Wierni fani mogą spodziewać się tego, do czego jedna z najpopularniejszych produkcji Netfliksa ich przyzwyczaiła - piękne zdjęcia, świetne stylizacje Emily (Lily Collins), dużo zwrotów akcji w miłosnym życiu bohaterów i humor. Niektórzy na dziewiątym odcinku uśmieją się przednio, inni trochę mniej, ale serial zawsze wzbudzał na tym polu mieszane uczucia.
Widzowie, którzy oczekują od serialu idealnej rozrywki na wieczór, dostaną dokładnie to, o co proszą. Śledzenie nadal bajkowych, ale teraz trochę poważniejszych (bo sama Emily wydaje się bardziej dojrzała) losów głównej bohaterki sprawia sporo frajdy. Czasami można odnieść wrażenie, że twórcy usłyszeli krytykę wymierzoną w "Emily w Paryżu" i wzięli ją sobie do serca.
Relacja Emily i Sylvie (Philippine Leroy-Beaulieu) chyba najbardziej naturalnie ewoluowała od pierwszego sezonu. Teraz naprawdę miło się ogląda ten zespół, ponieważ mimo że udało im się nawiązać więź opartą na szacunku (a Sylvie nawet polubiła swoją amerykańską pracownicę), to ich potyczki słowne i kwestie Sylvie są jak zwykle fantastyczne.
W finałowych odcinkach na Emily czeka wyprawa do Włoch. Rozpoczynają się nowe wątki, pojawiają się nowe postacie (jedne dość irytujące), a znikają inne. Co prawda Netflix nie wznowił jeszcze serialu na piąty sezon, ale wiadomo jedno - pomysłów scenarzystom na kolejne odcinki nie zabraknie. O czym definitywnie świadczy druga połowa czwartej serii.

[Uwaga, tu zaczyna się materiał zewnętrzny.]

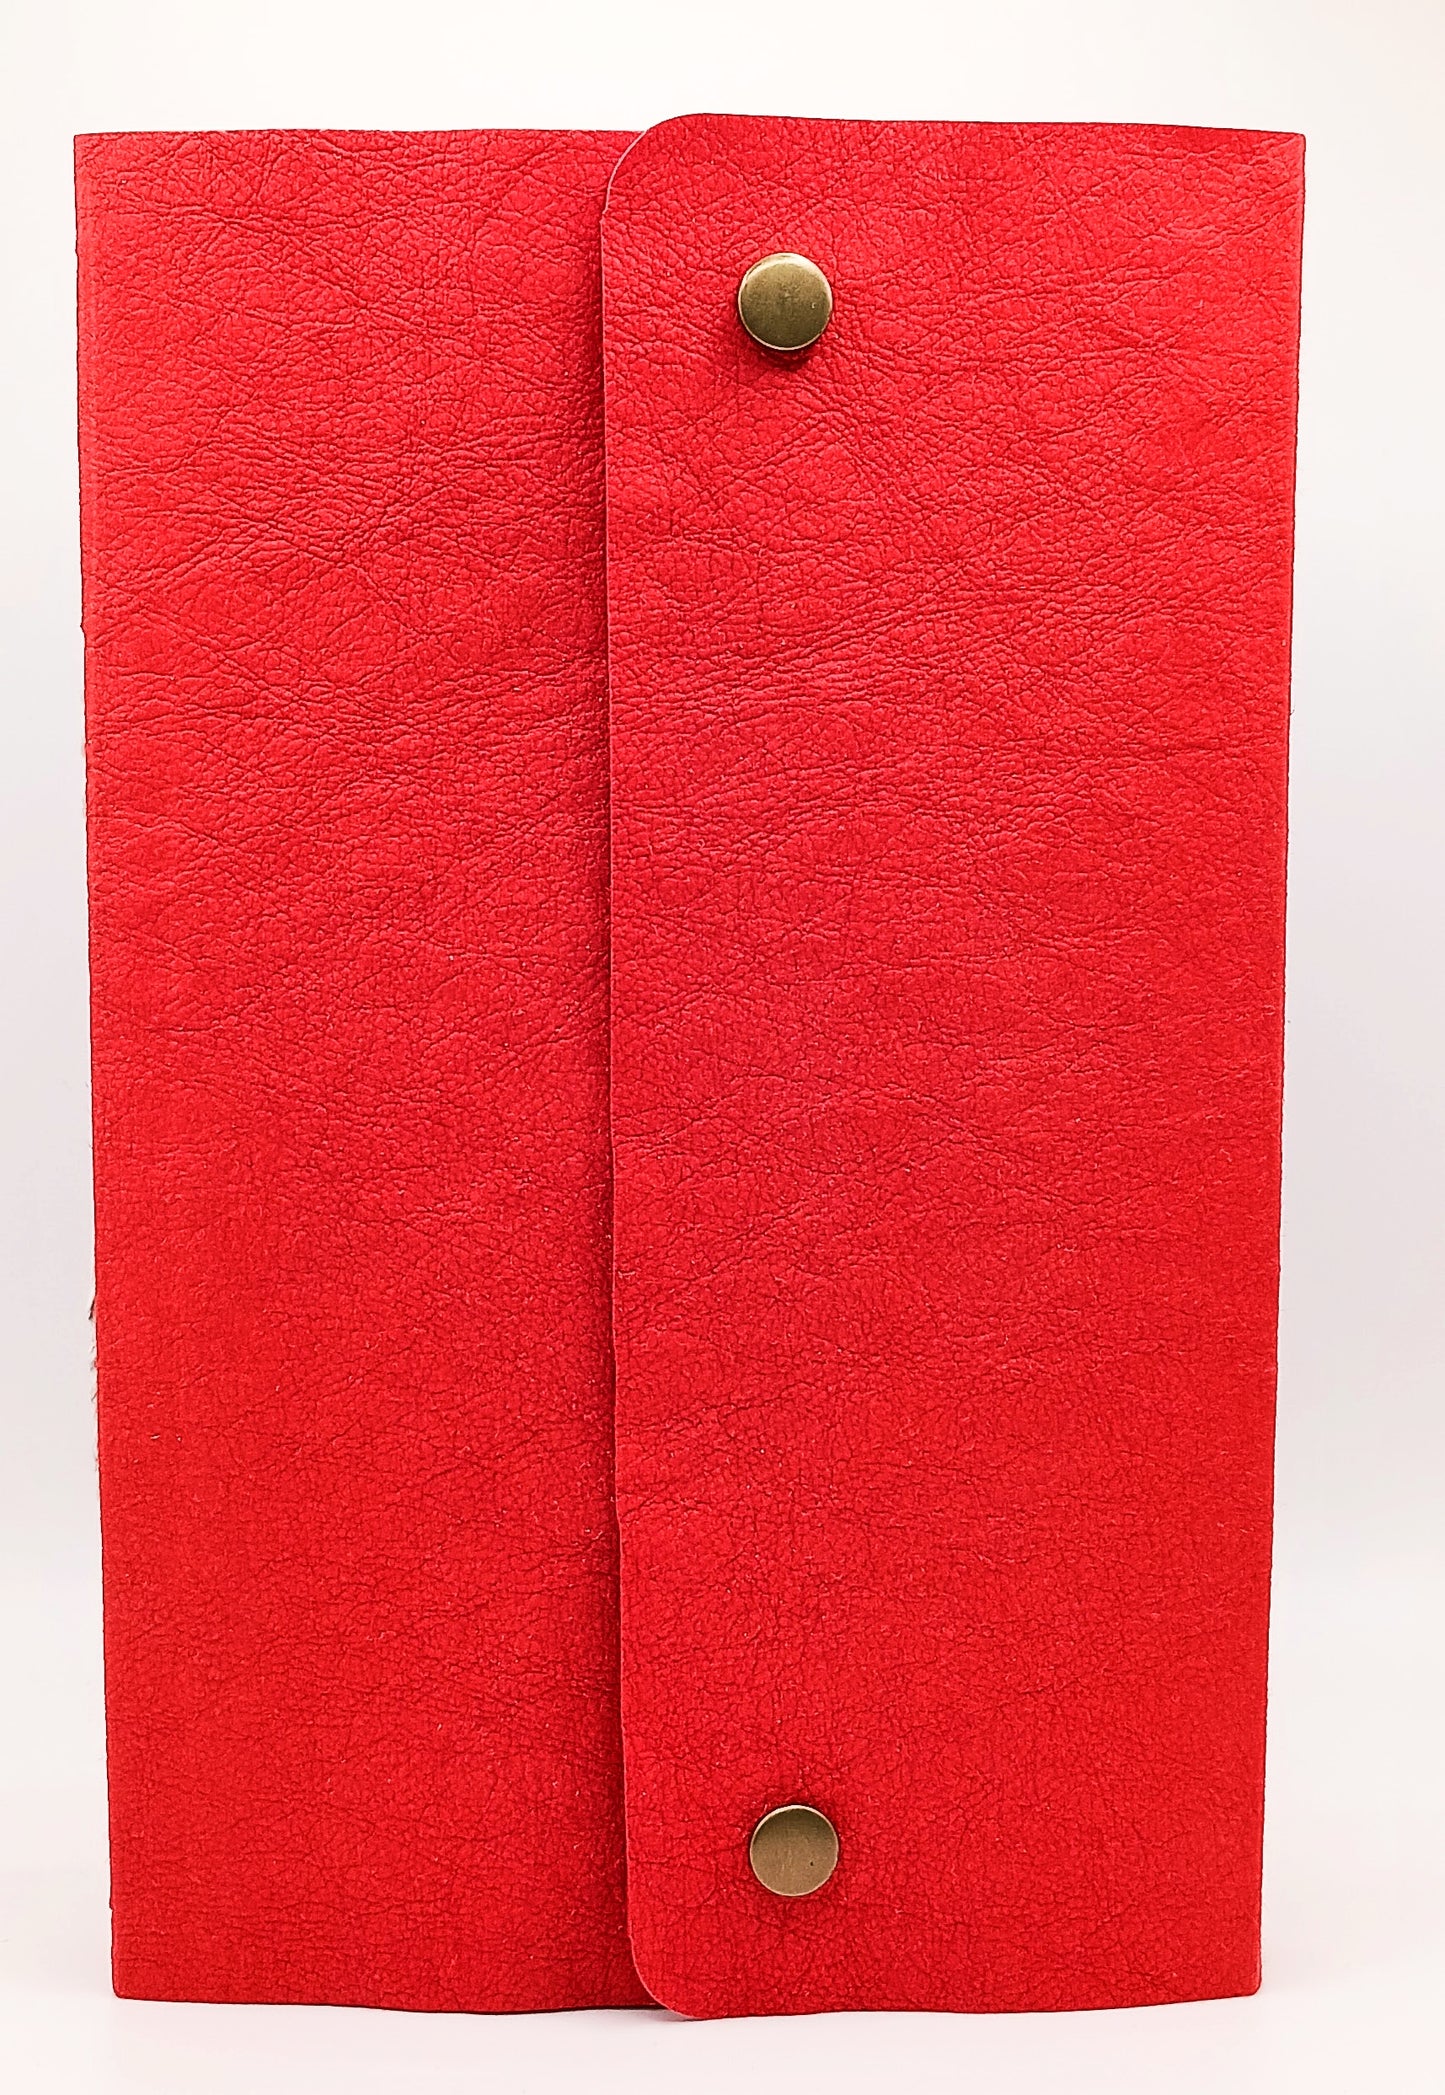 Jewel-Tone Journals with Parchment

"Finał 4. sezonu "Emily w Paryżu" już 12 września. Po półmetku, który pozostawił widzów z większą liczbą pytań niż odpowiedzi, Netflix publikuje trailer nadchodzących przygód amerykanki w mieście miłości. Czy Gabriel (Lucas Bravo) porzuci marzenie o gwiazdce Michelin? Czy Camille (Camille Razat) zdobędzie się na szczerość? Czy Emily (Lily Collins) wreszcie odetchnie i będzie mogła cieszyć się szczęśliwym związkiem? Na bohaterkę czekają nowe wyzwania, nowe znajomości i... nowe miejsca. Z Paryża jej zawodowa droga prowadzi prosto do Rzymu. Czy Wieczne Miasto i jego przystojny mieszkaniec zawładną jej sercem? Wszystkie odpowiedzi już wkrótce!" - czytamy w oficjalnym opisie.